Thanks Jacek for quick response.
Due to our system constraints, we can't move to Structured Streaming now.
But definitely YARN can be tried out.

But my problem is I'm able to figure out where is the issue, Driver,
Executor, or Worker. Even exceptions are clueless.  Please see the below
exception, I'm unable to spot the issue for OOM.

20/05/08 15:36:55 INFO Worker: Asked to kill driver
driver-20200508153502-1291

20/05/08 15:36:55 INFO DriverRunner: Killing driver process!

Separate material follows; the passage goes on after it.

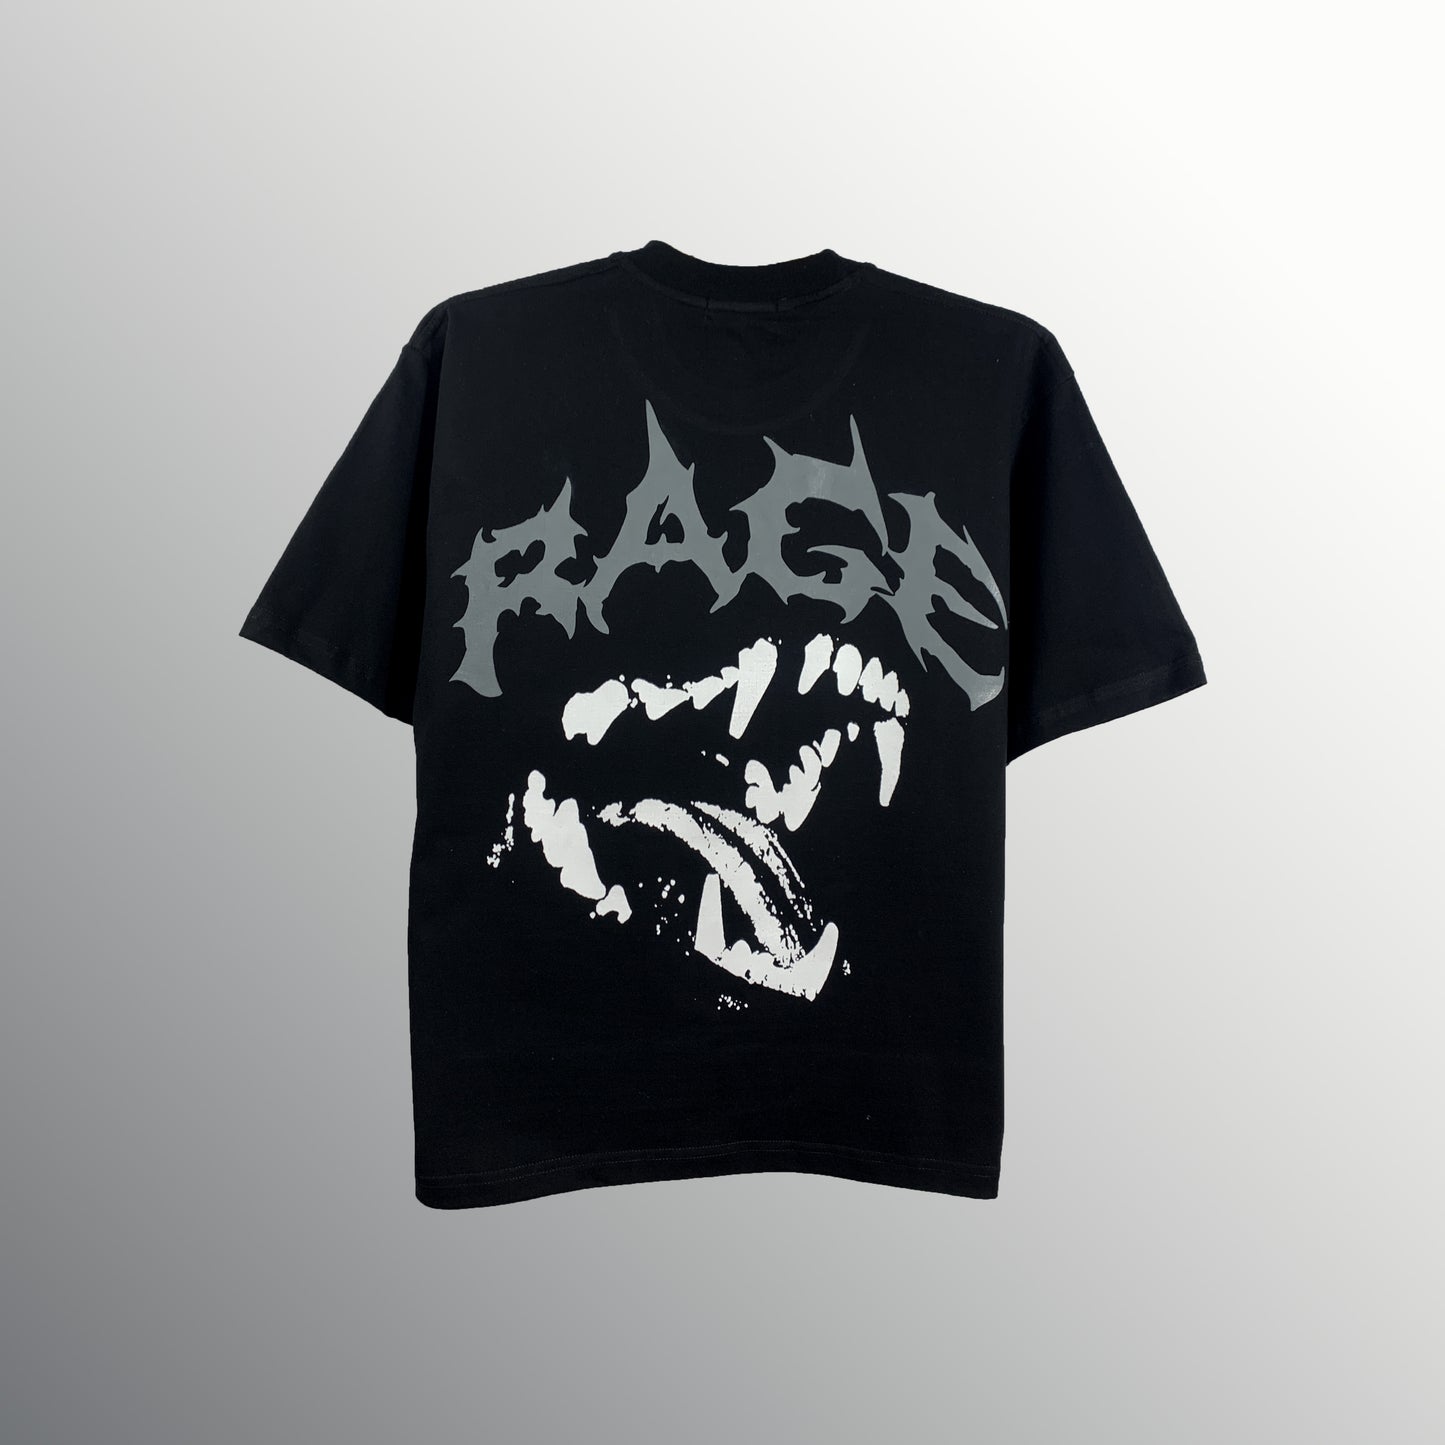 Rage x Black - Tshirt

20/05/08 15:36:55 INFO CommandUtils: Redirection to
/grid/1/spark/work/driver-20200508153502-1291/stderr closed: Stream closed

20/05/08 15:36:55 INFO CommandUtils: Redirection to
/grid/1/spark/work/driver-20200508153502-1291/stdout closed: Stream closed

20/05/08 15:36:55 INFO ExternalShuffleBlockResolver: Application
app-20200508153654-11776 removed, cleanupLocalDirs = true

20/05/08 15:36:55 INFO Worker: Driver driver-20200508153502-1291 was killed
by user

*20/05/08 15:43:06 WARN AbstractChannelHandlerContext: An exception
'java.lang.OutOfMemoryError: Java heap space' [enable DEBUG level for full
stacktrace] was thrown by a user handler's exceptionCaught() method while
handling the following exception:*

*java.lang.OutOfMemoryError: Java heap space*

*20/05/08 15:43:23 ERROR SparkUncaughtExceptionHandler: Uncaught exception
in thread Thread[dispatcher-event-loop-6,5,main]*

*java.lang.OutOfMemoryError: Java heap space*

*20/05/08 15:43:17 WARN AbstractChannelHandlerContext: An exception
'java.lang.OutOfMemoryError: Java heap space' [enable DEBUG level for full
stacktrace] was thrown by a user handler's exceptionCaught() method while
handling the following exception:*

*java.lang.OutOfMemoryError: Java heap space*

20/05/08 15:43:33 INFO ExecutorRunner: Killing process!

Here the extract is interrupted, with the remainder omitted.